C.P. : La mobilité. Depuis 2001, la fréquentation des bus, trams et métros de la Stib a augmenté de 70 %. Et là, on est face à un problème de moyens financiers. C’est dans le domaine de la mobilité qu’on a manqué le plus d’argent. On s’est battu, au moment de négocier le nouveau contrat de gestion de la Stib, pour un métro vers Schaerbeek et Evere. On aurait pu le faire plus tôt si on avait eu plus de moyens financiers.

Convaincre vos collègues wallons du PS de faire du refinancement de Bruxelles une revendication centrale, lors de la formation du gouvernement fédéral, cela a été facile ?

Rudy Vervoort : Alors là, oui, très facile. Je me souviens bien des réunions au mois d’août 2010, quand on se voyait à quelques-uns pour discuter des grandes options de la négociation. Tout de suite, le refinancement a été reconnu comme un point majeur pour le Parti socialiste. Elio Di Rupo connaît les problématiques urbaines. Il sait aussi que l’enjeu bruxellois est déterminant pour l’avenir du pays. Bruxelles, c’est la capitale, mais c’est aussi le caillou dans la chaussure de ceux qui veulent la fin de la Belgique.

C.P. : Dans certains cénacles, j’entends des propos assez hostiles à la Wallonie, et en même temps une demande d’autonomie pour Bruxelles. Je leur dis : mais vous n’avez toujours rien compris ! Si on a de l’autonomie aujourd’hui, c’est grâce aux Wallons, qui nous ont appuyé politiquement.

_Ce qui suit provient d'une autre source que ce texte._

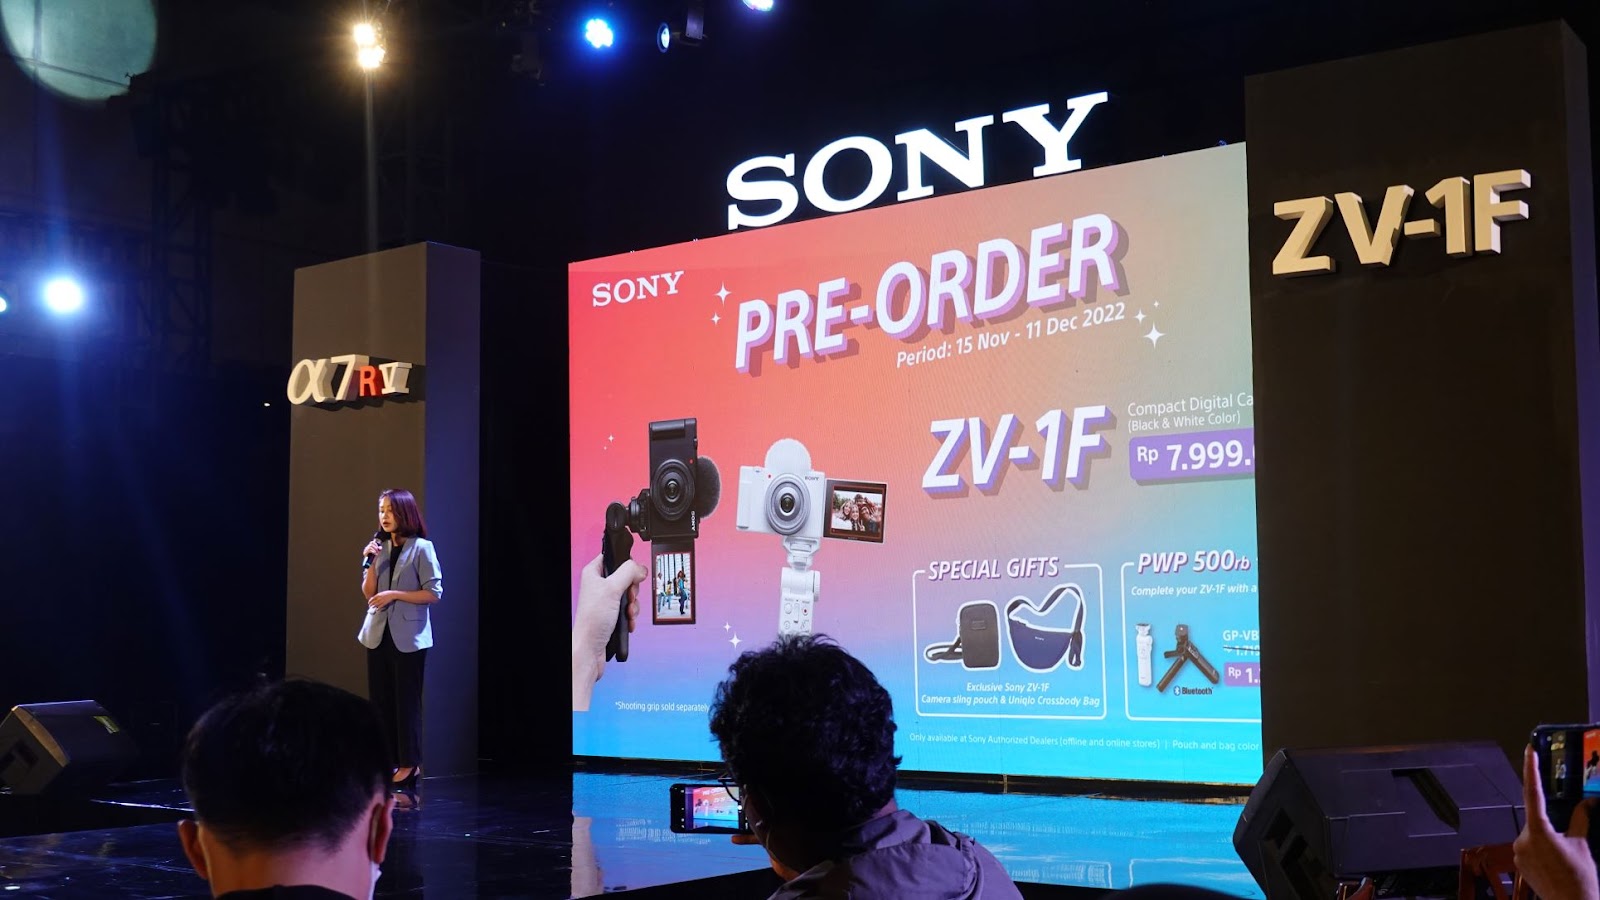 Harga Sony ZV-1F beserta bundle yang bisa lo dapatkan. (Sumber: Garry/Froyonion)

Sans les Wallons, on n’aurait pas obtenu le statut en 1989 et on n’aurait pas obtenu le refinancement. On peut leur dire merci.

Dans La Libre Belgique, le vice-Premier ministre et chef de file du MR bruxellois, Didier Reynders, a plaidé pour un axe PS-MR après les élections de 2014. Vous le suivez ?

R.V. : De la part de quelqu’un qui n’a eu de cesse en 2007 de vouloir mettre le PS dehors, j’ai quelques doutes. On parlait d’une ville d’usage. Je ne voudrais pas que Bruxelles soit utilisée juste pour des calculs politiques. C’est une des craintes que j’ai à propos de Reynders. Ses déclarations ne m’incitent pas à voir son arrivée avec bienveillance.

Pourquoi tant de méfiance à son égard ?

R.V. : Au bout de quelques mois, il ne peut pas prétendre connaître Bruxelles. Sa connaissance de Bruxelles reste une connaissance abstraite. Et puis, il veut introduire à Bruxelles un schéma de division, et non de cohésion. A peine arrivé, il s’est signalé en disant que Molenbeek, c’était l’étranger… Il y a un autre problème : le MR, ces derniers temps, c’est un peu l’auberge espagnole. Entre ce que dit Didier Reynders et ce que dit Charles Michel, je dois croire qui ? Si c’est la parole de Reynders qui prévaut, ce n’est pas le modèle de cohésion qu(ont toujours défendu la quasi-totalité des partis bruxellois. Je n’ai pas tous mes apaisements par rapport au MR. Au sein de l’Olivier (PS, CDH et Ecolo), mais aussi au FDF, je constate une plus grande cohérence quant à la vision d’avenir pour Bruxelles.